また、製薬業界にとっては、医療ICTなどのインフラが整備されることで、患者レジストリーに基づくランダム化試験の実施や、安全性の観点からの継続的なモニタリングなども実現可能になる。日本の先駆け審査制度に当たるアダプティブ・パスウエイにより、アンメットメディカルニーズを有する患者に有望な医薬品を届けることも可能になる。治験だけでは実臨床下での有効性・安全性が十分わからない中で、患者レジストリーを通じて得たRWDを活用することで、実臨床下での安全性・有効性を構築するとともに、最も奏功する患者を特定することも視野に入る。



◎数値やアウトカムに基づいた償還スキーム“MEA”も浸透


さらに、もう一つのポイントが、アウトカムに基づく償還スキームの構築だ。高額薬剤の登場で、一部新薬は、HTA(費用対効果)や薬価算定、償還モデルが障壁となり、結果として新薬へのアクセスが阻害されているケースもある。こうした中で、数値やアウトカムに基づき、支払側と企業が合意することで償還されるマネージド・エントリー合意(MEA)の取り組みも欧州では進んでいる。
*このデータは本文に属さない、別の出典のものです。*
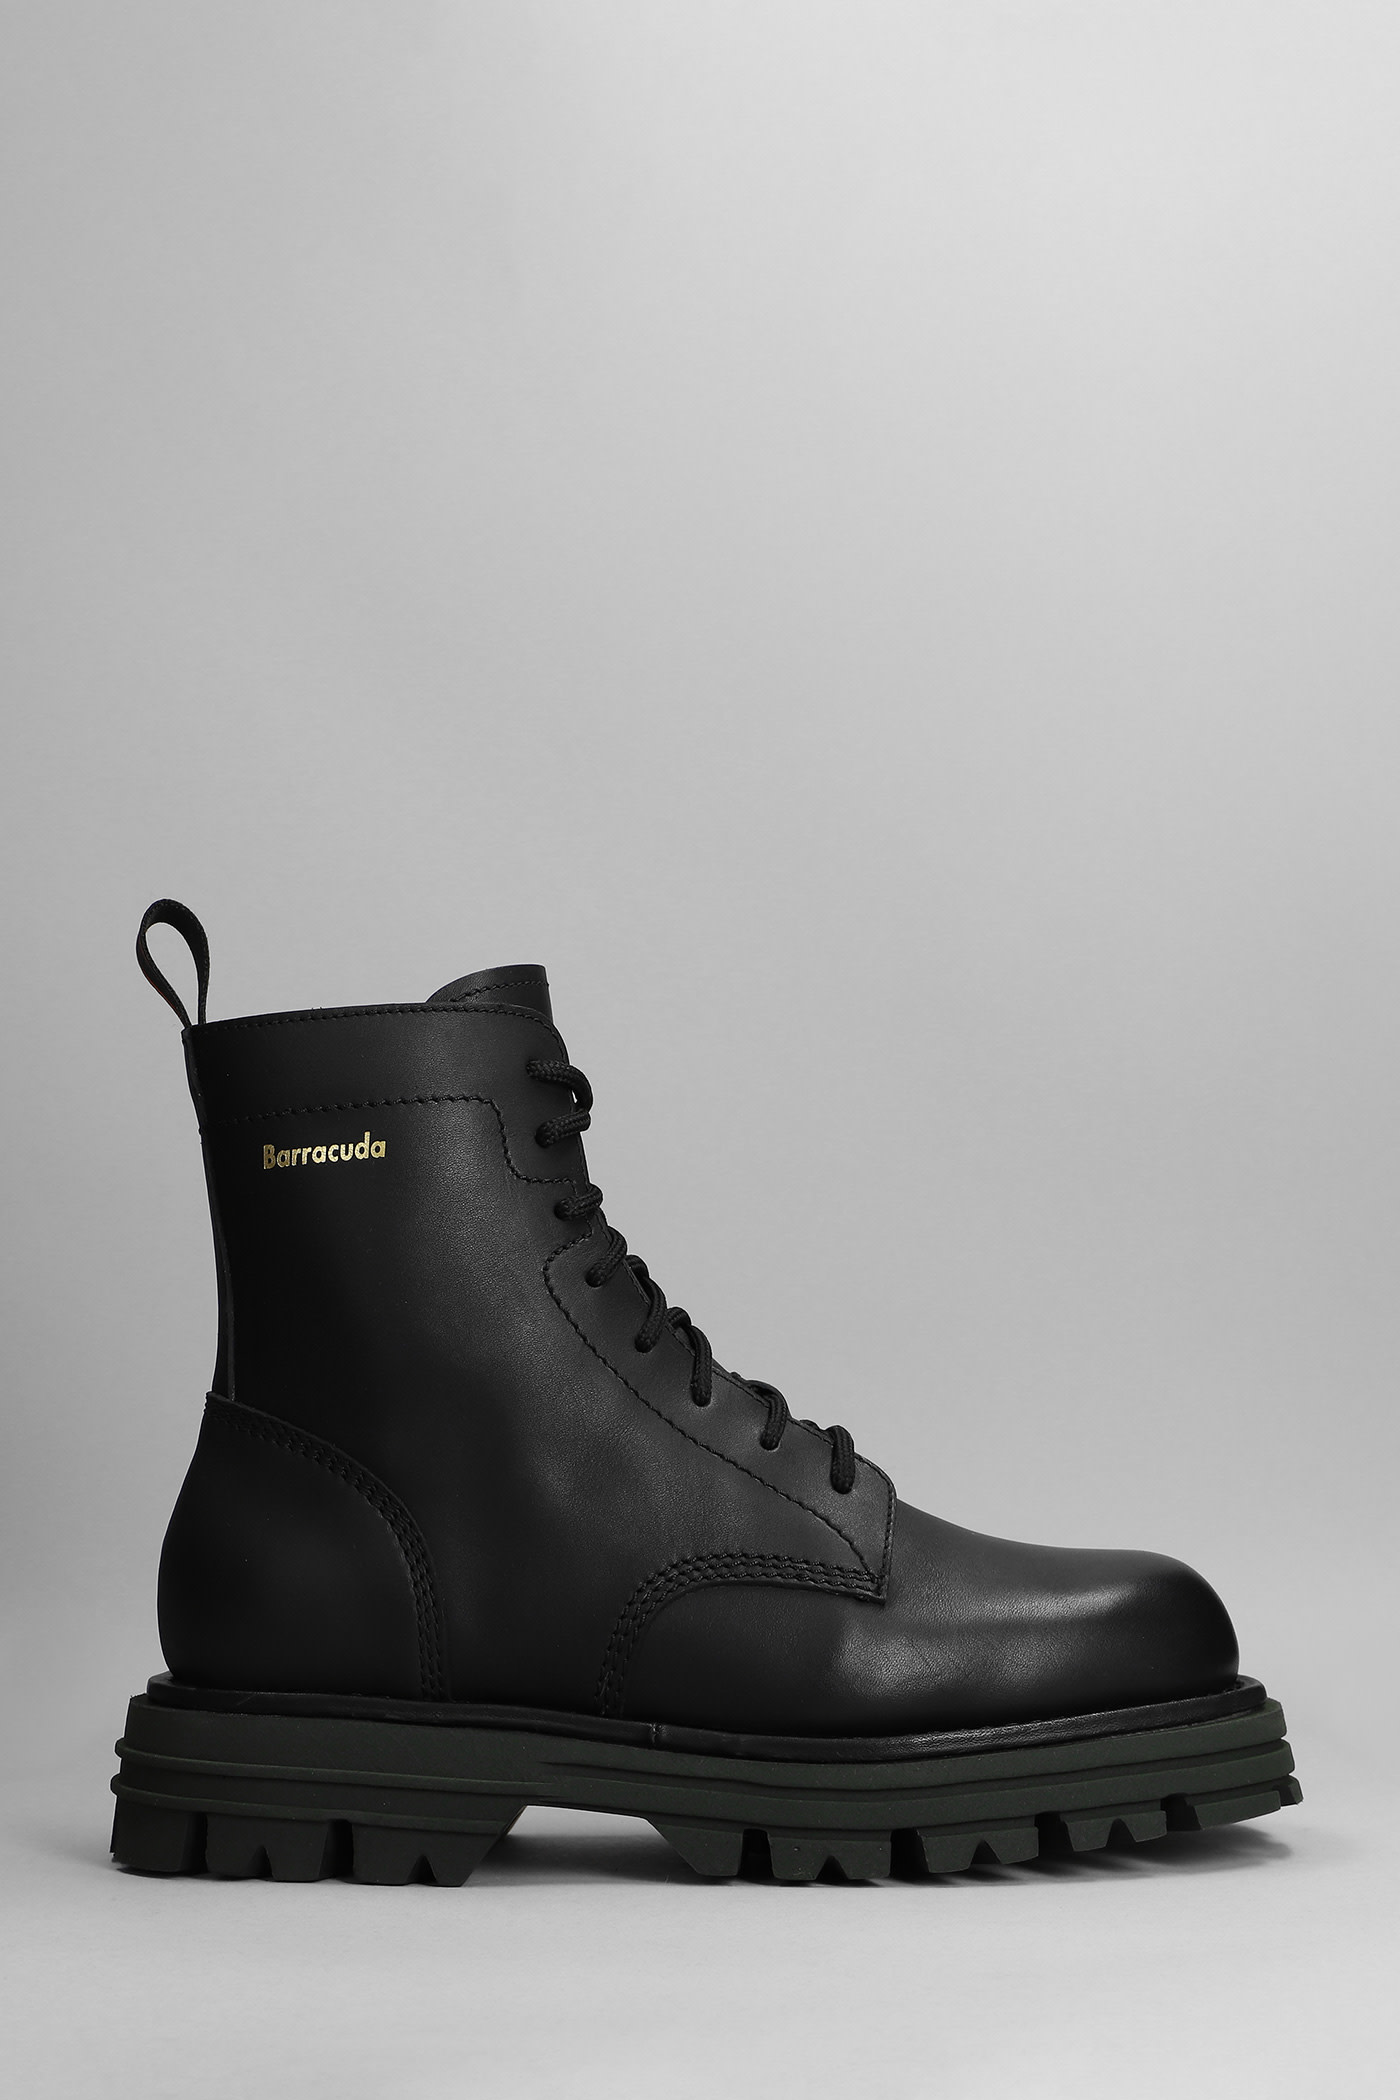 Barracuda Combat Boots In Black Leather

オシュマン副会長は、オンラインでの論文検索が進むなど社会的にITが浸透する中で、「データに基づいた医療が確立していかなければならない」と指摘した。一般情報保護規則の法整備も必須になるが、「規制が厳しくなりすぎると、重要な分野で欧州がリーダーシップを取れない」と説明。ゲノムデータの取り扱いなどをEU内で統一するなど環境整備を進めることで、価値を最大化できるとの考えを示した。そのためには、「医療データの価値を説得するストーリーを語る」ことの必要性を強調。発言と行動で患者や医療者など他のステークホルダーからの信頼を得て、共にアイデアを生み出す、真のパートナーシップを構築することが重要との考えを示した。